Referenced in: none

Automatically associated channels: Kv2.1

Title: Activation of the skeletal muscle calcium release channel by a cytoplasmic loop of the dihydropyridine receptor.

Authors: X Lu, L Xu, G Meissner

Journal, date & volume: J. Biol. Chem., 1994 Mar 4 , 269, 6511-6

PubMed link: http://www.ncbi.nlm.nih.gov/pubmed/8120002

Abstract
Expression studies with skeletal and cardiac muscle cDNAs have suggested that the putative cytoplasmic loop region of the dihydropyridine receptor (DHPR) alpha 1 subunit between transmembrane repeats II and III (DCL) is a major determinant of the type of excitation-contraction coupling (skeletal or cardiac) in rescued dysgenic muscle cells (Tanabe, T., Beam, K. G., Adams, B. A., Niidome, T., and Numa, S. (1990) Nature 346, 567-569). In this study, the possibility of a direct functional interaction with the sarcoplasmic reticulum ryanodine receptor/Ca2+ release channel has been tested by expressing the DCLs of the mammalian skeletal and cardiac muscle DHPR alpha 1 subunit in Escherichia coli. The purified peptides activated the skeletal muscle ryanodine receptor/Ca2+ release channel in single channel and [3H]ryanodine binding measurements, by increasing channel open probability and the affinity of [3H]ryanodine binding, respectively. The two peptides did not activate the cardiac muscle Ca2+ release channel.

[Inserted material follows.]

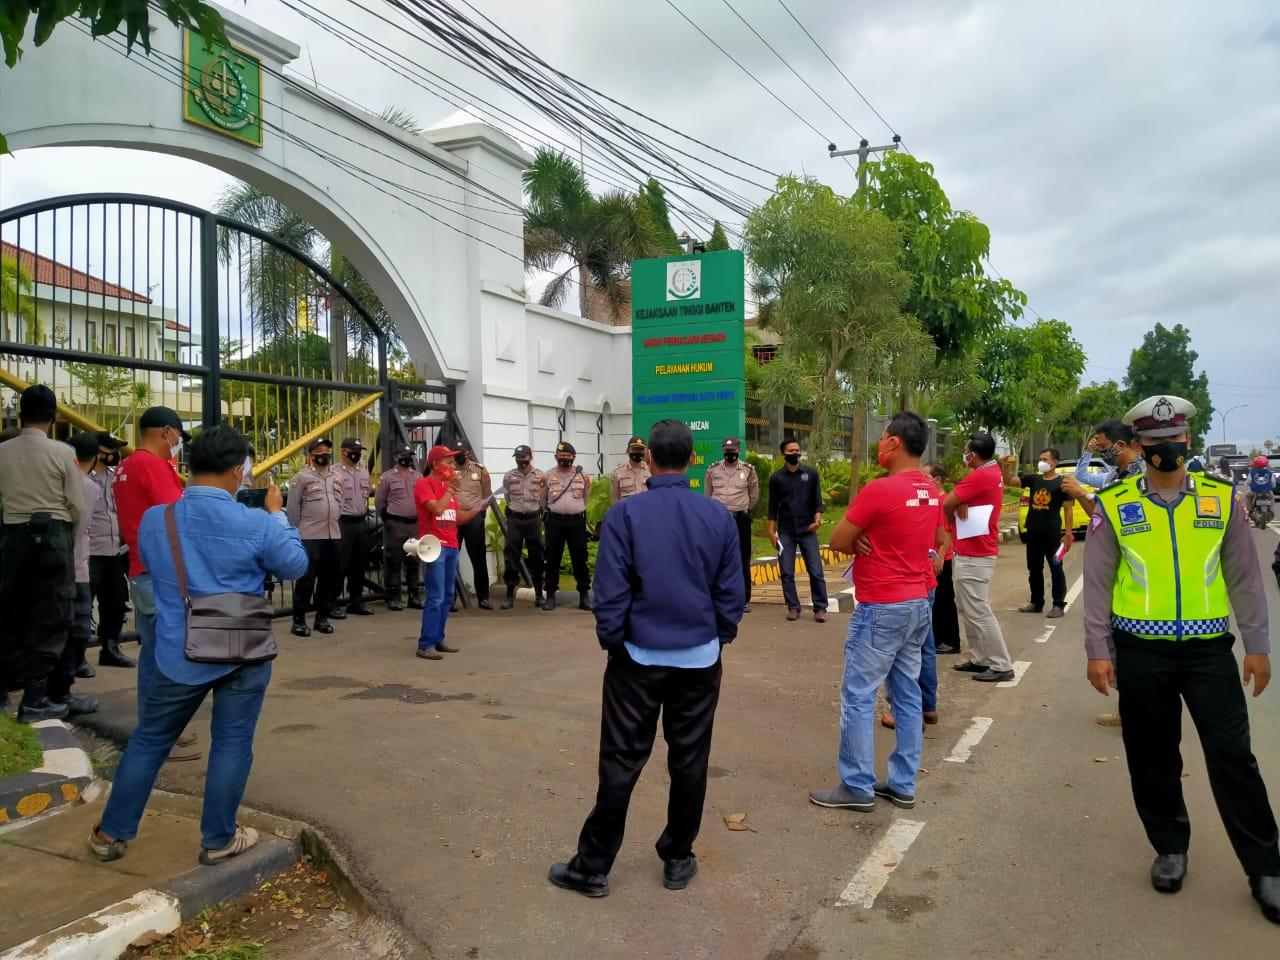 Gambar Aksi Unras Pesidium NGO Banten, Polres Serang Kota Siagakan Ratusan Personel 11

Other proteins (polylysine, serum albumin) also increased [3H]ryanodine binding and Ca2+ release channel activity, but their activation mechanisms were distinguishable from DCLs. These results show that the II-III cytoplasmic loop of the skeletal and cardiac DHPR alpha 1 subunit functionally interacts with the skeletal, but not cardiac, muscle Ca2+ release channel. Furthermore, our studies suggest that in addition to the DHPR, the sarcoplasmic reticulum Ca2+ release channel may determine the type of E-C coupling that exists in muscle.